### INFORMATION PROVIDED
□ □ □ □

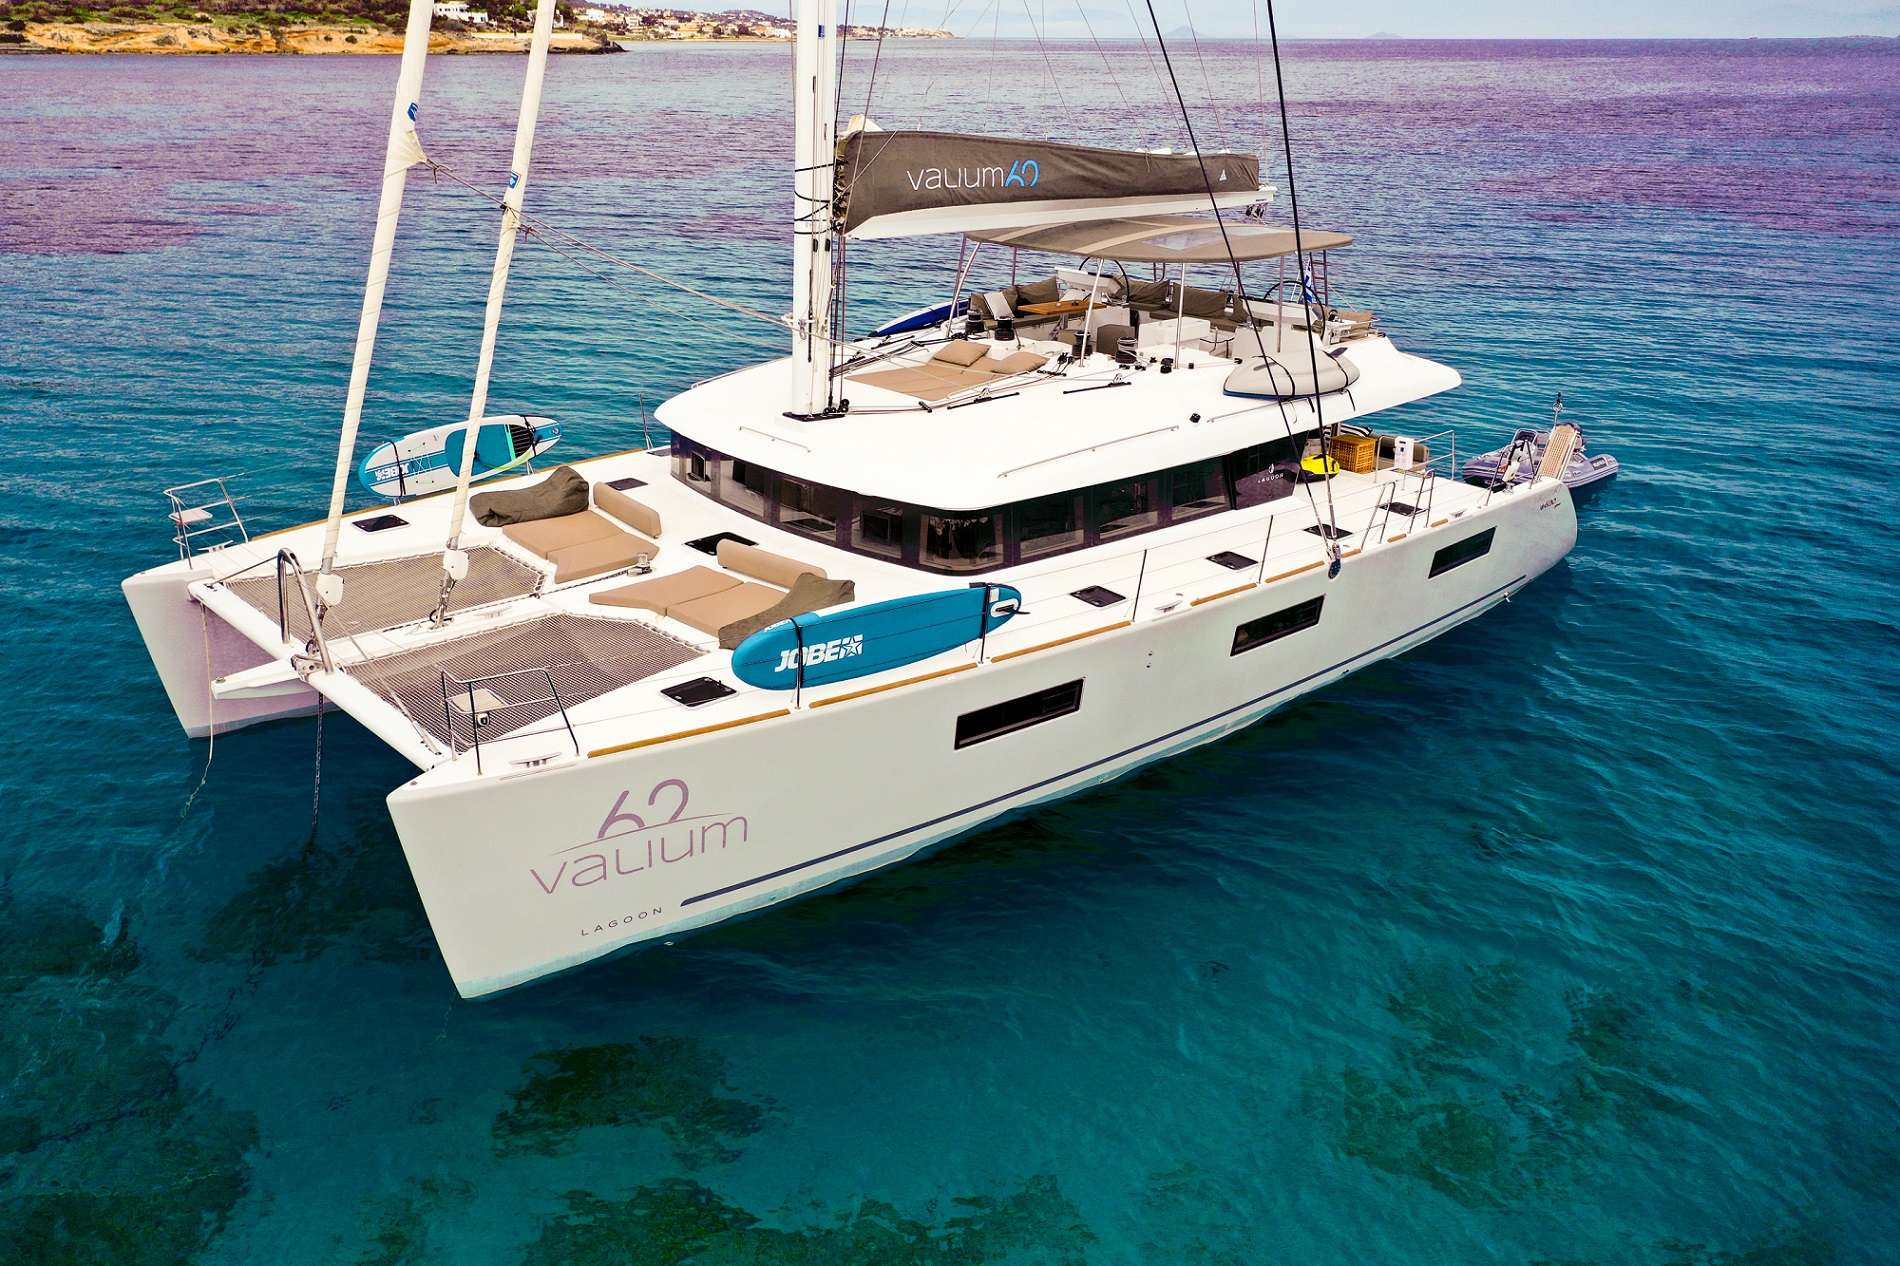 valium62 - Catamaran charter Lefkada & Boat hire in Greece 2
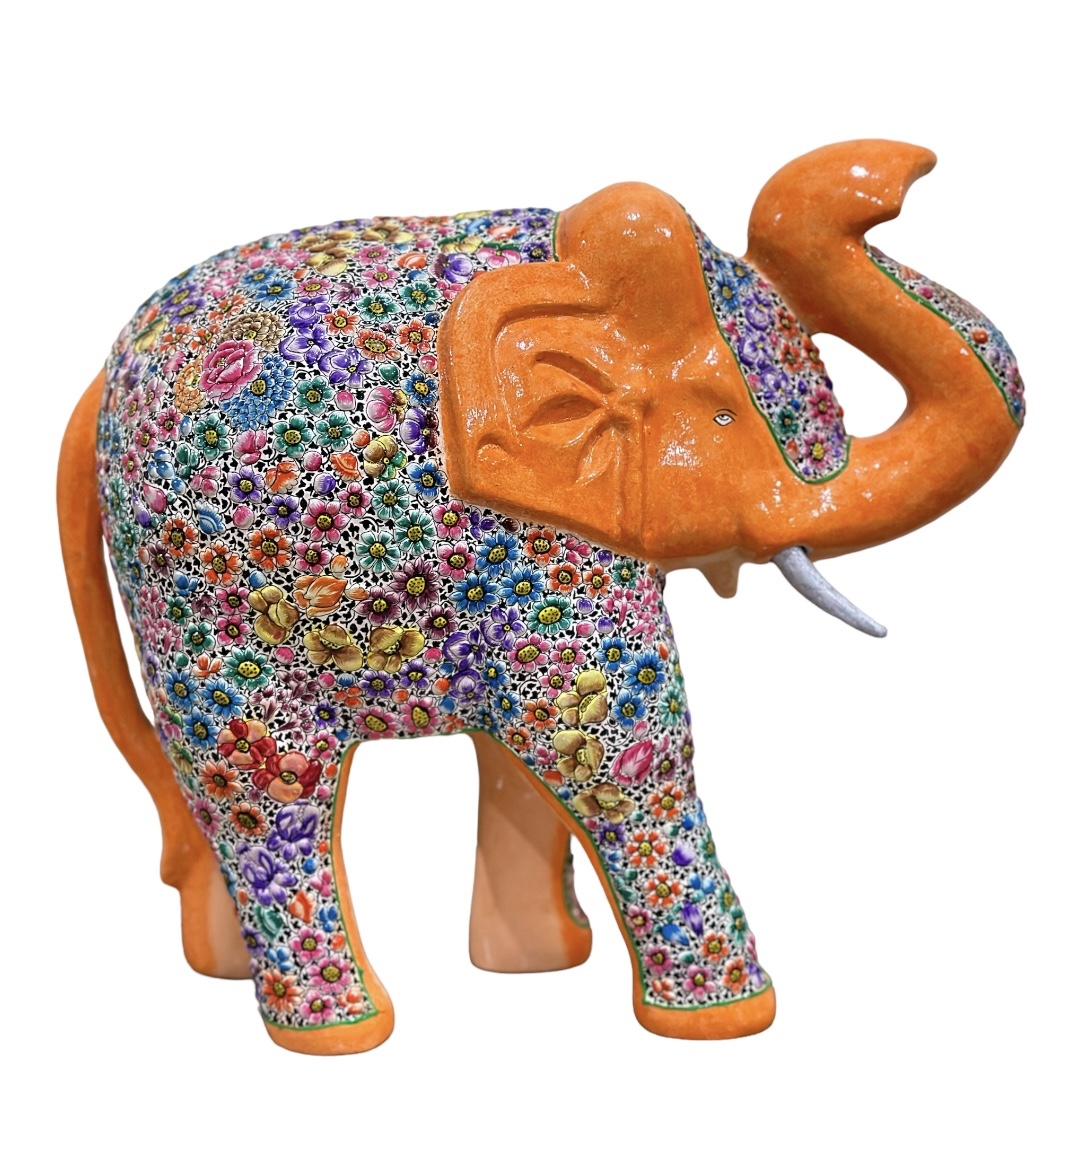 Hand painted Trunk Up Elephant ,Paper Mache Elephant Sculpture from Kashmir
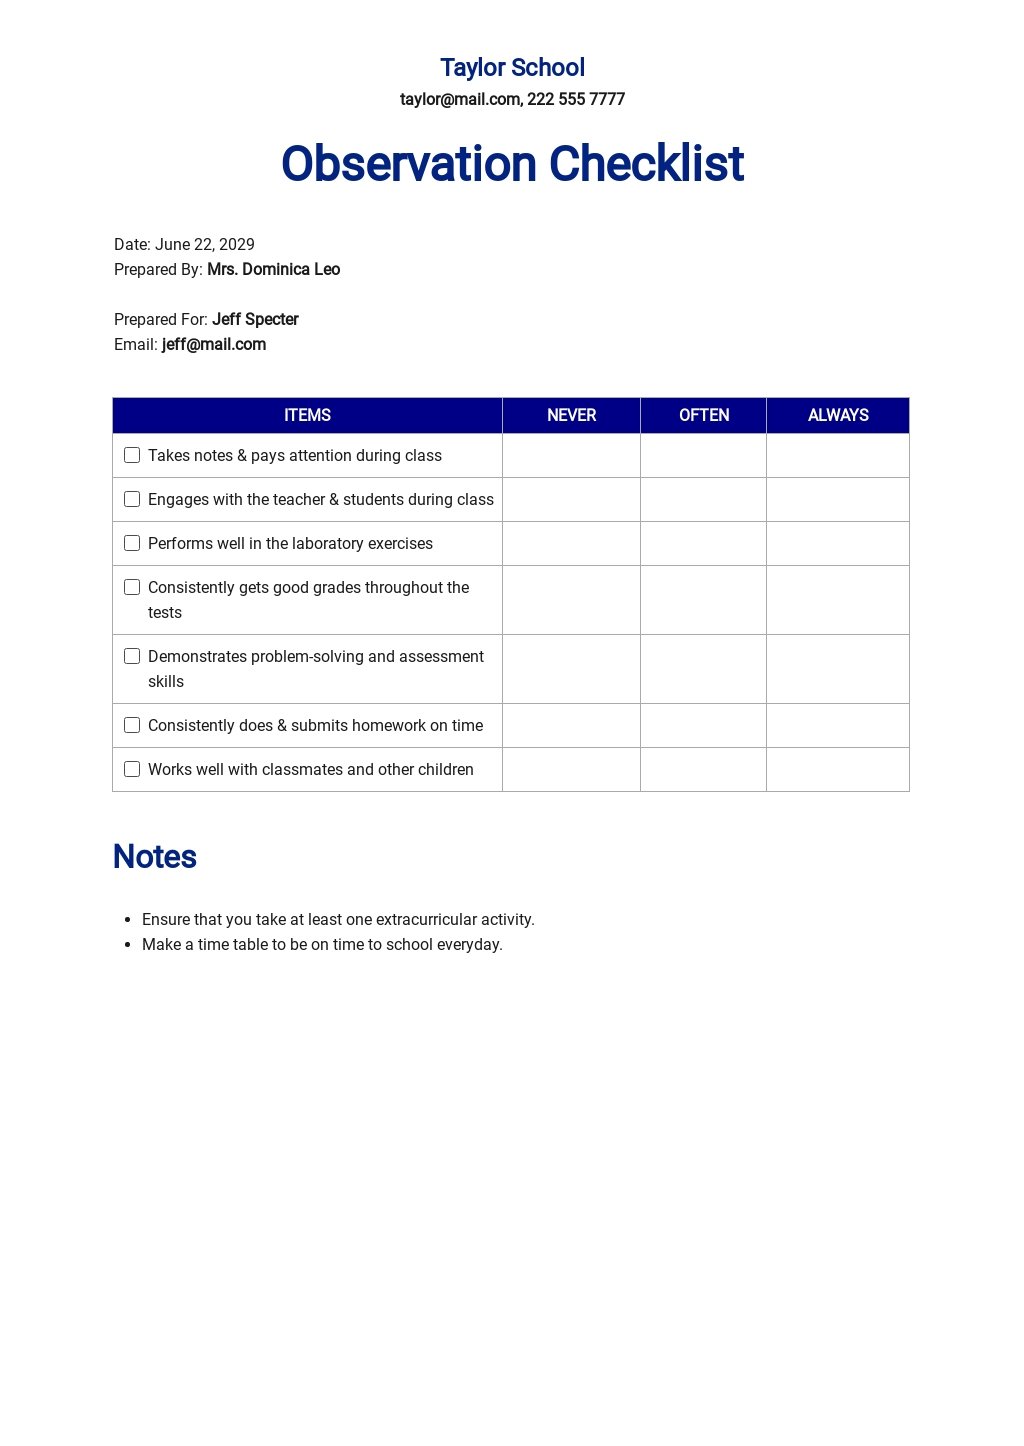 Observation Checklist Template [Free PDF] - Google Docs, Word, Apple

□ □ □ □

### TASK DIRECTIONS
Wherever an image sits in the data, omit it; everything else must be copied exactly.

### THE COMPLETED TASK
 valium62 - Catamaran charter Lefkada & Boat hire in Greece 2
 Hand painted Trunk Up Elephant ,Paper Mache Elephant Sculpture from Kashmir
 Observation Checklist Template [Free PDF] - Google Docs, Word, Apple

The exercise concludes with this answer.